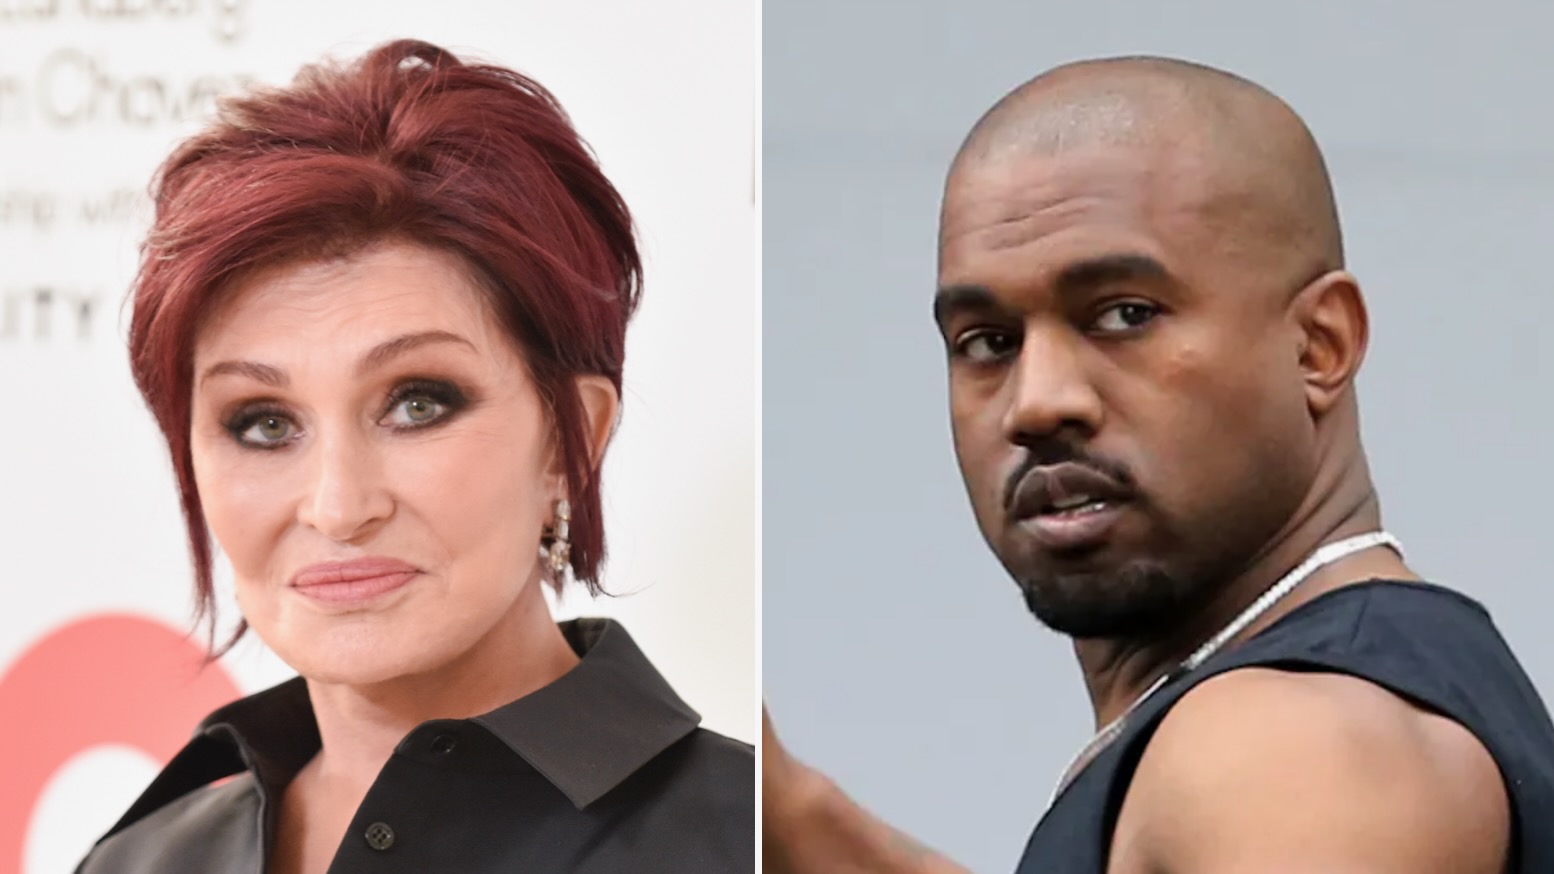 Sharon Osbourne to Kanye West: You “F*cked with the Wrong Jew This Time”
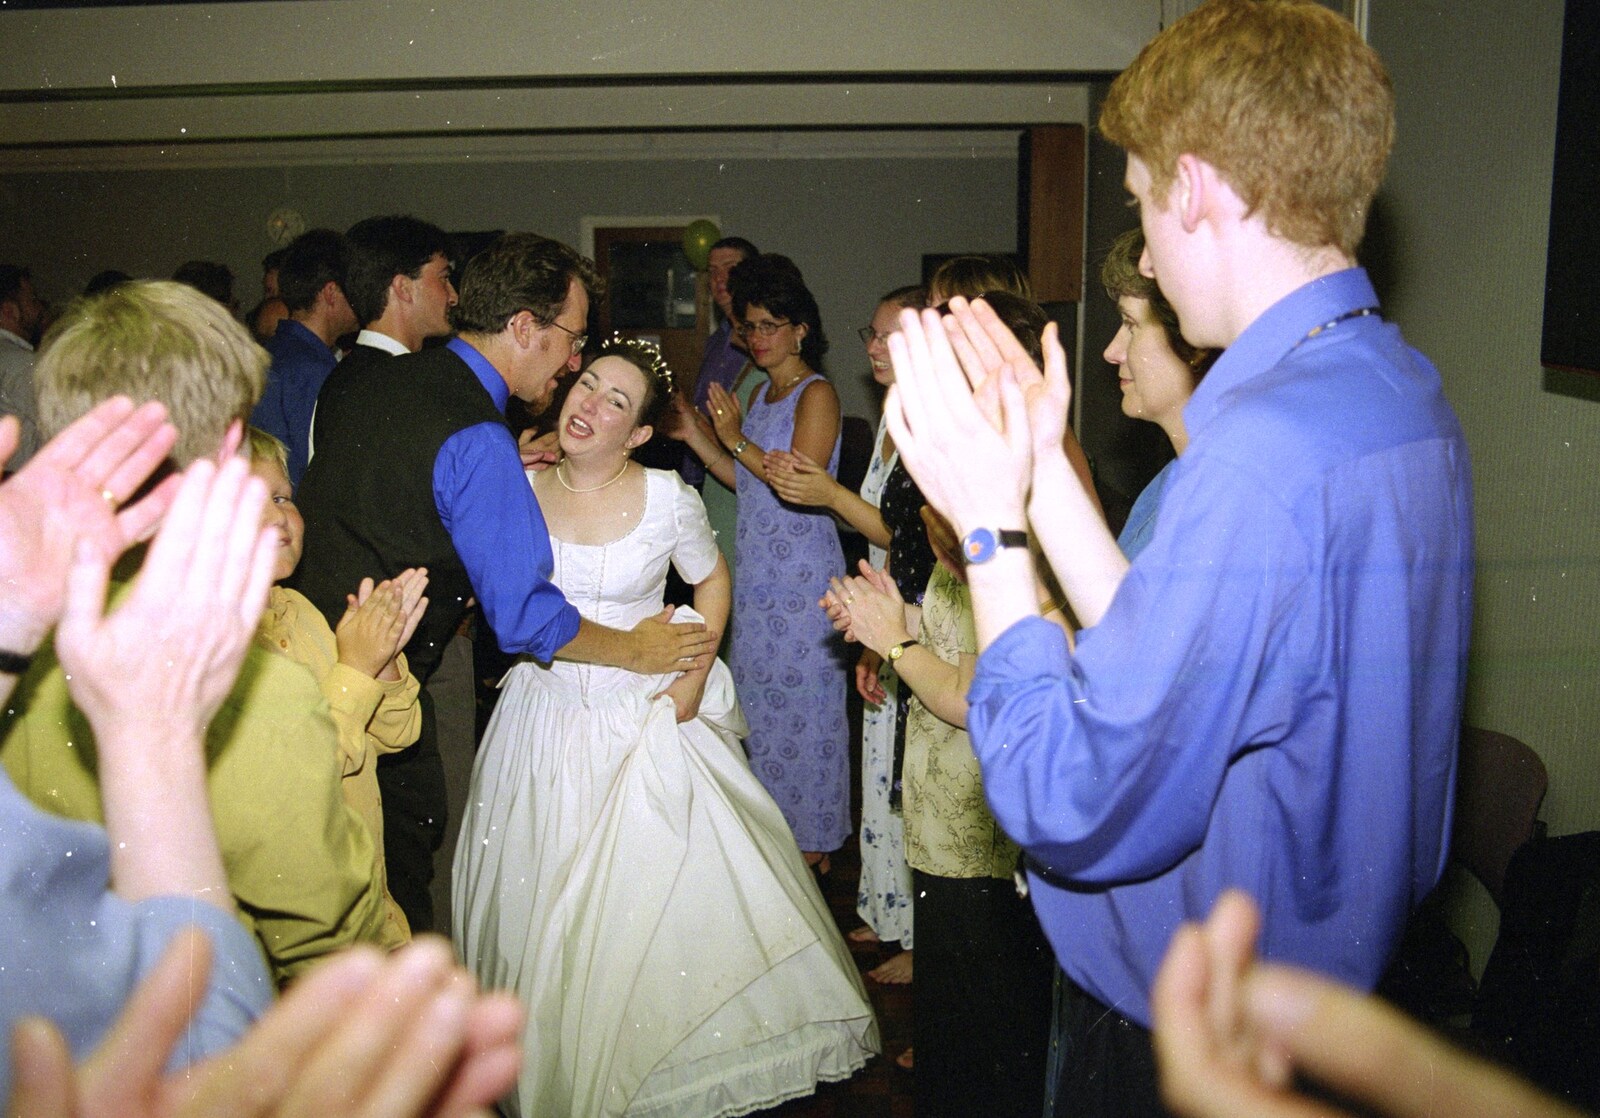 There's some applause  from Joe and Lesley's CISU Wedding, Ipswich, Suffolk - 30th July 1998
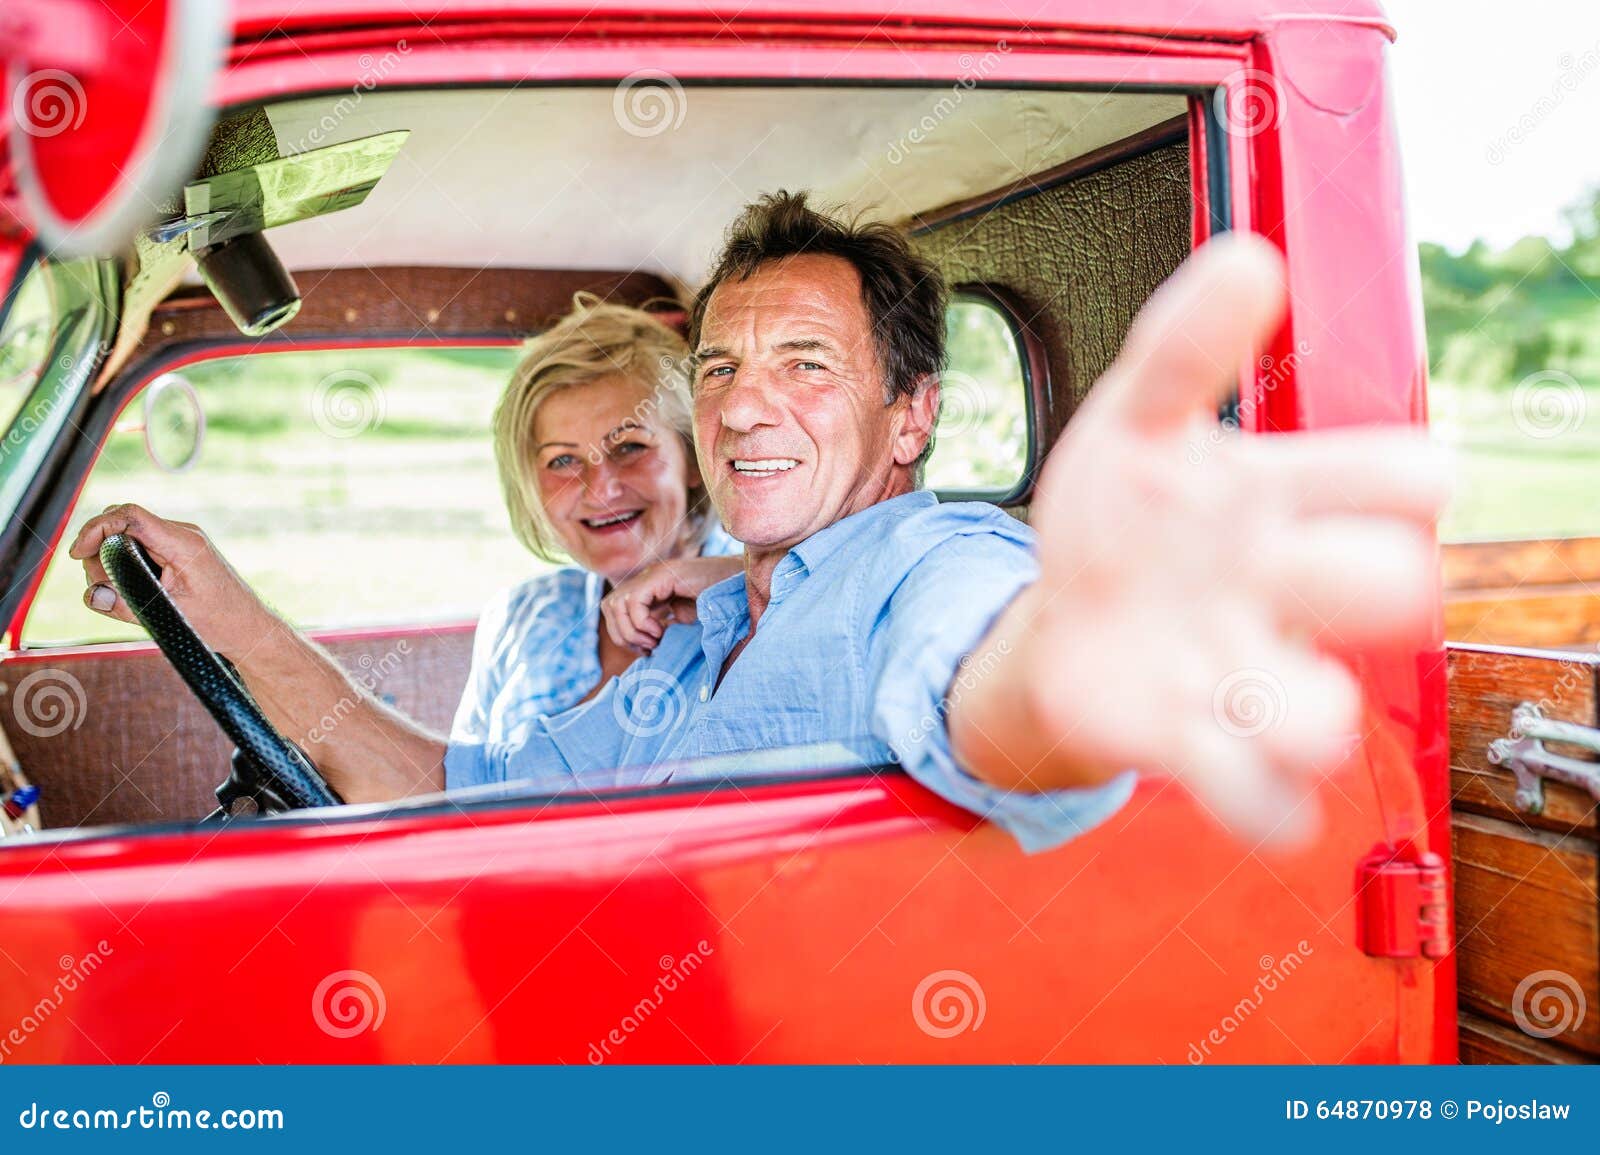 Senior couple in red car stock photo. Image of mature - 64870978
****
● Exercise requirements: Return the material as it stands. Leave out the pictures.

● Task result:
 Sharon Osbourne to Kanye West: You “F*cked with the Wrong Jew This Time”
 There's some applause  from Joe and Lesley's CISU Wedding, Ipswich, Suffolk - 30th July 1998
 Senior couple in red car stock photo. Image of mature - 64870978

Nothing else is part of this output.